Top of Listed entries
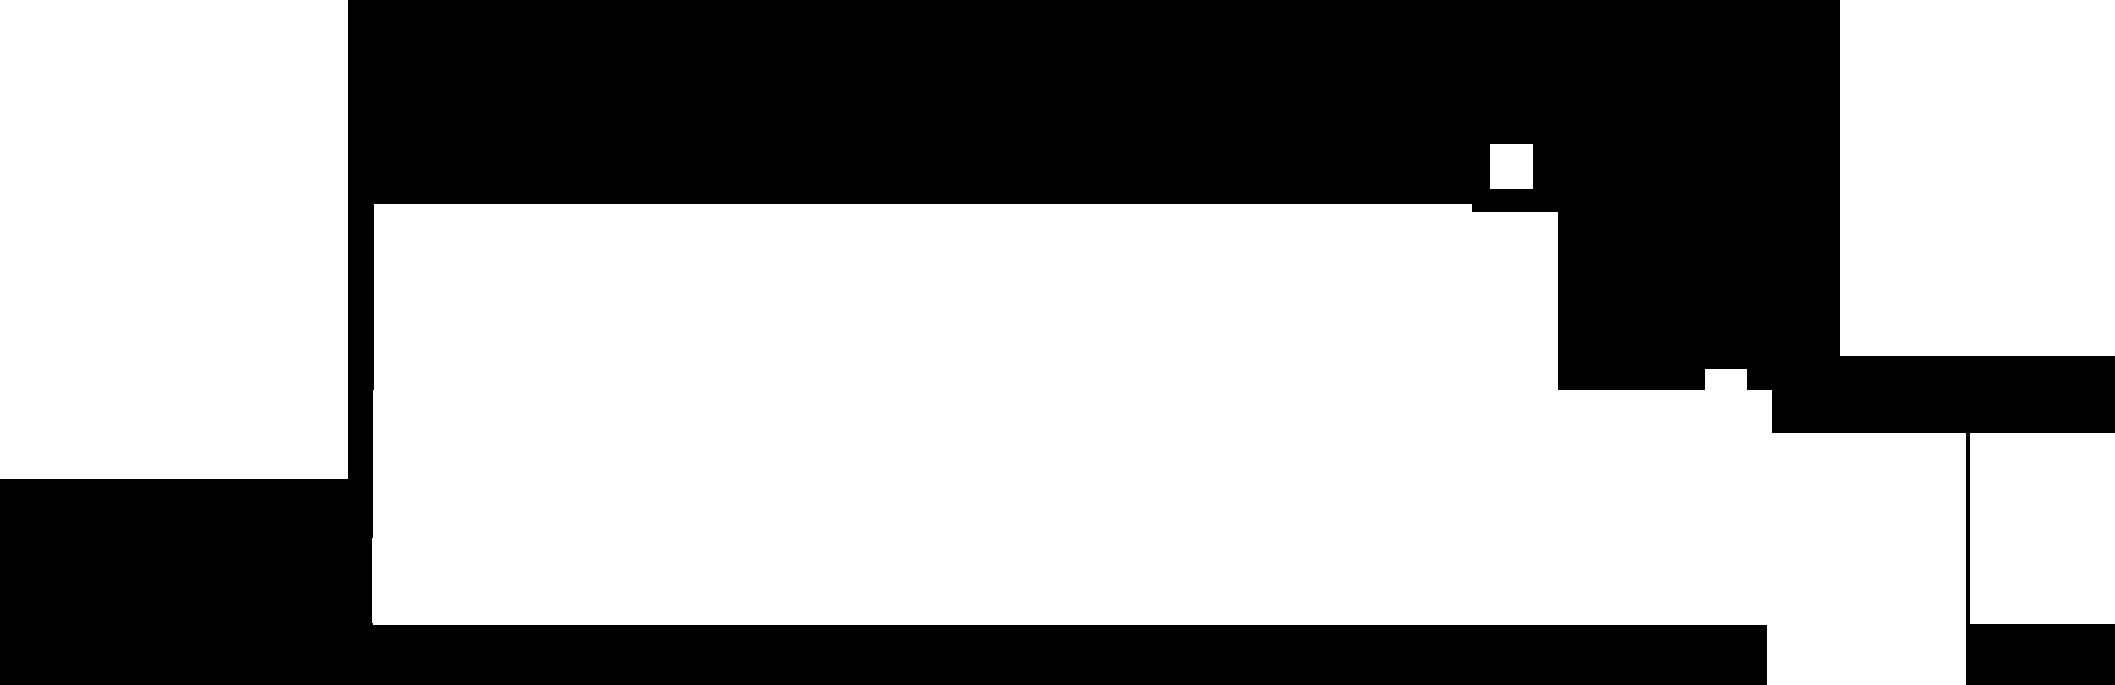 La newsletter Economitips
Bottom of Listed entries
Top of Listed entries
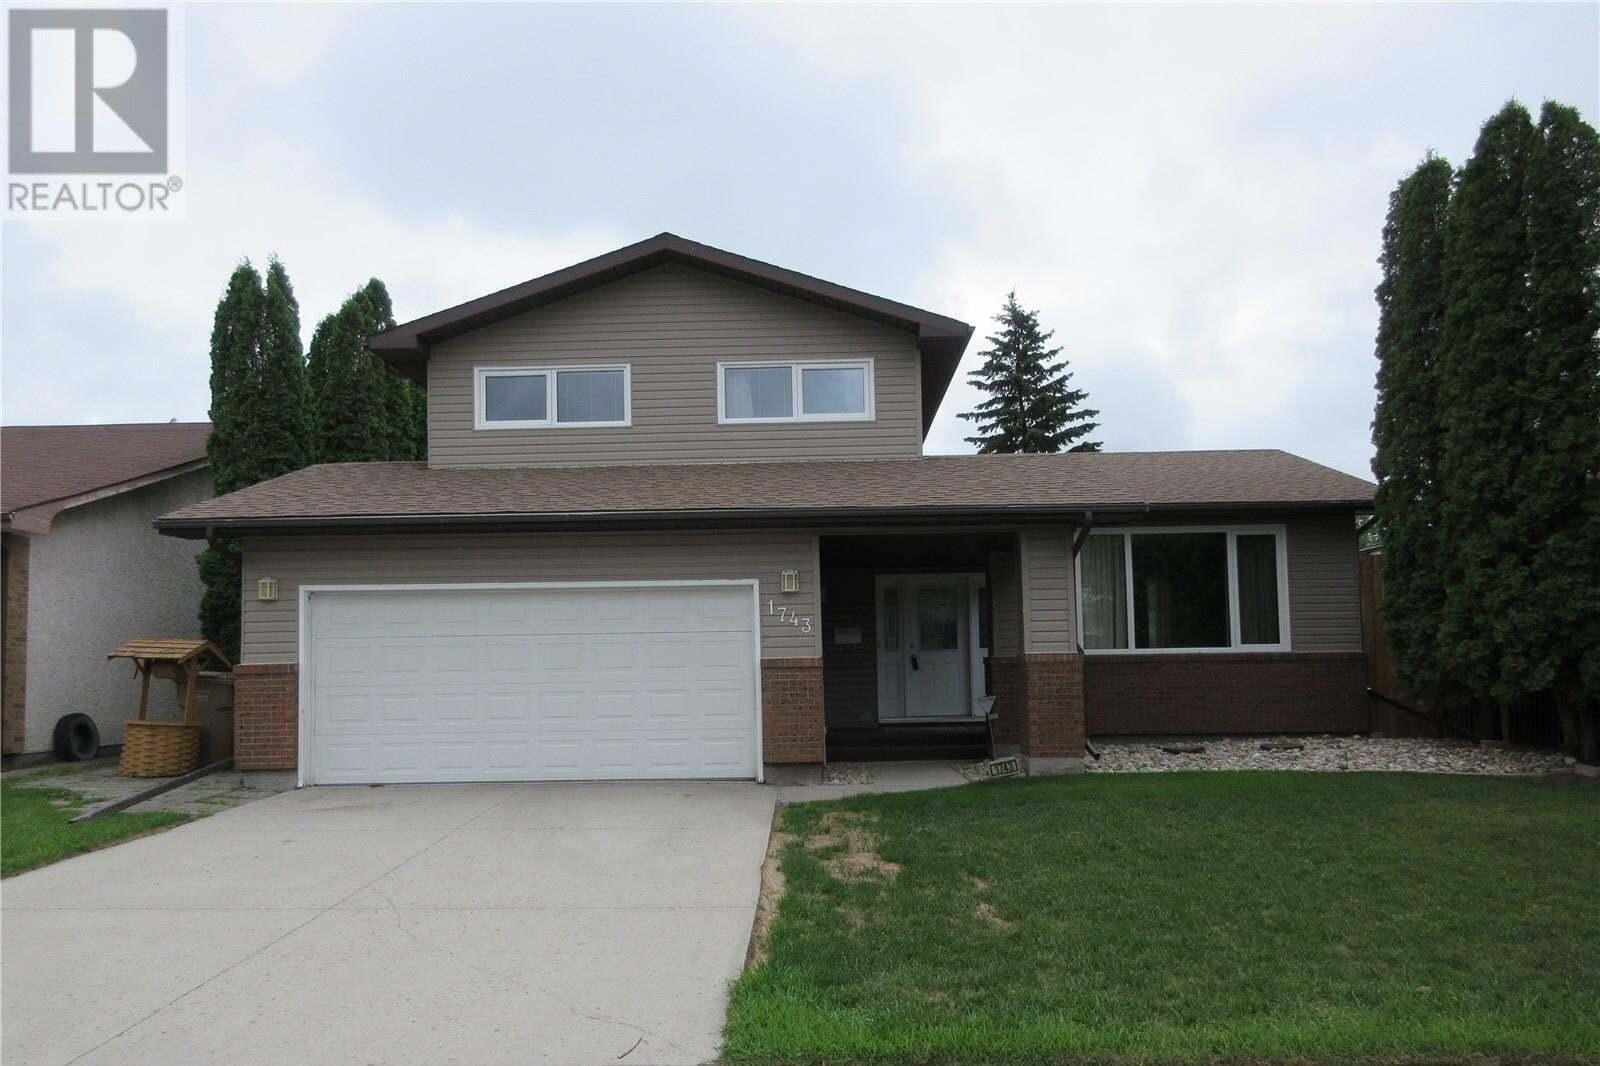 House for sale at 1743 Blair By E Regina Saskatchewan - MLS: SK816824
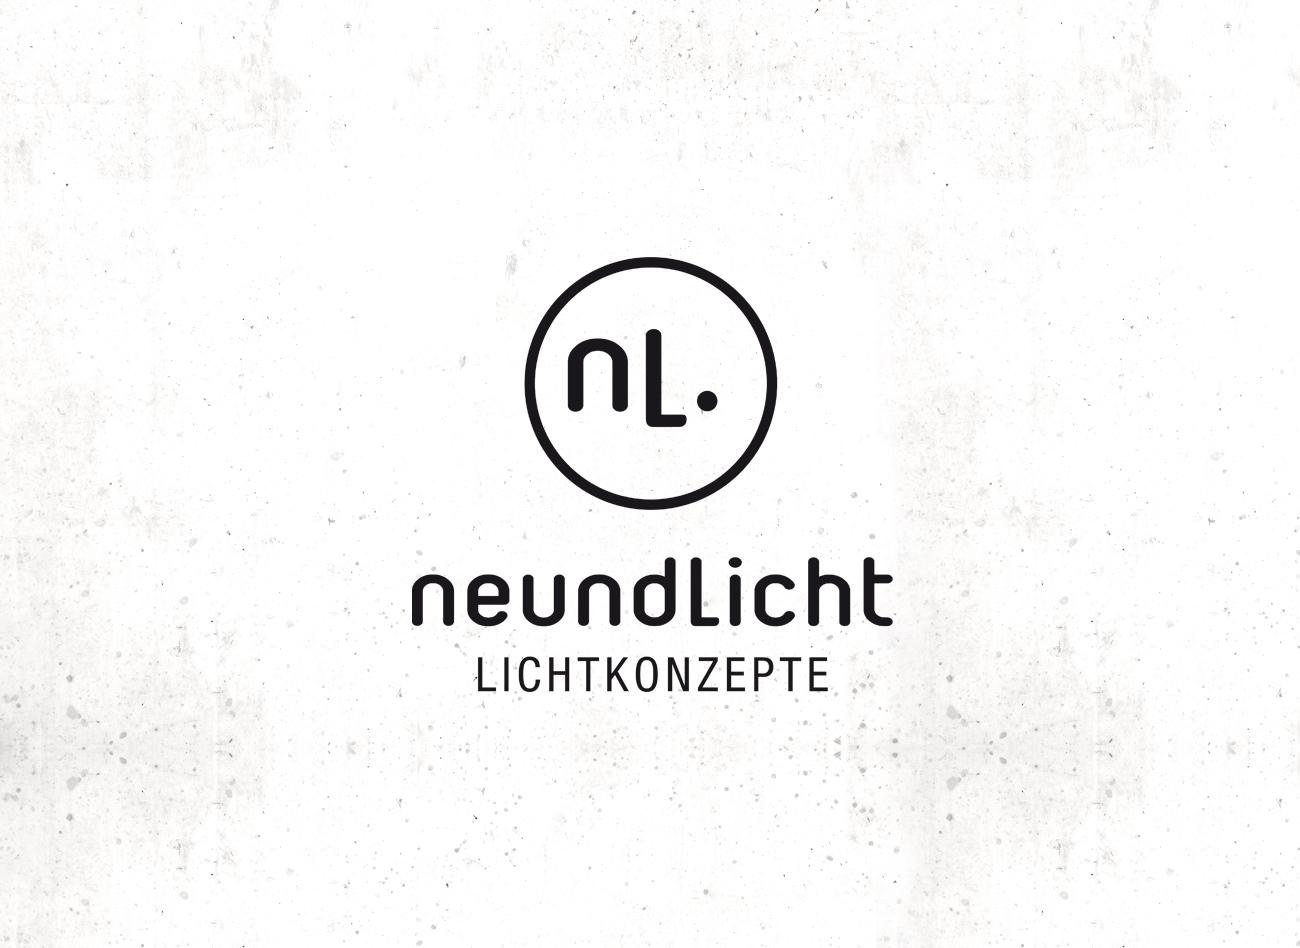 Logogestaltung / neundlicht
Bottom of Listed entries
Leaving each picture behind, please give again exactly the lines above from the one with "House for sale" through the one with "Logogestaltung / neundlicht", both included, and no others.

 House for sale at 1743 Blair By E Regina Saskatchewan - MLS: SK816824
 Logogestaltung / neundlicht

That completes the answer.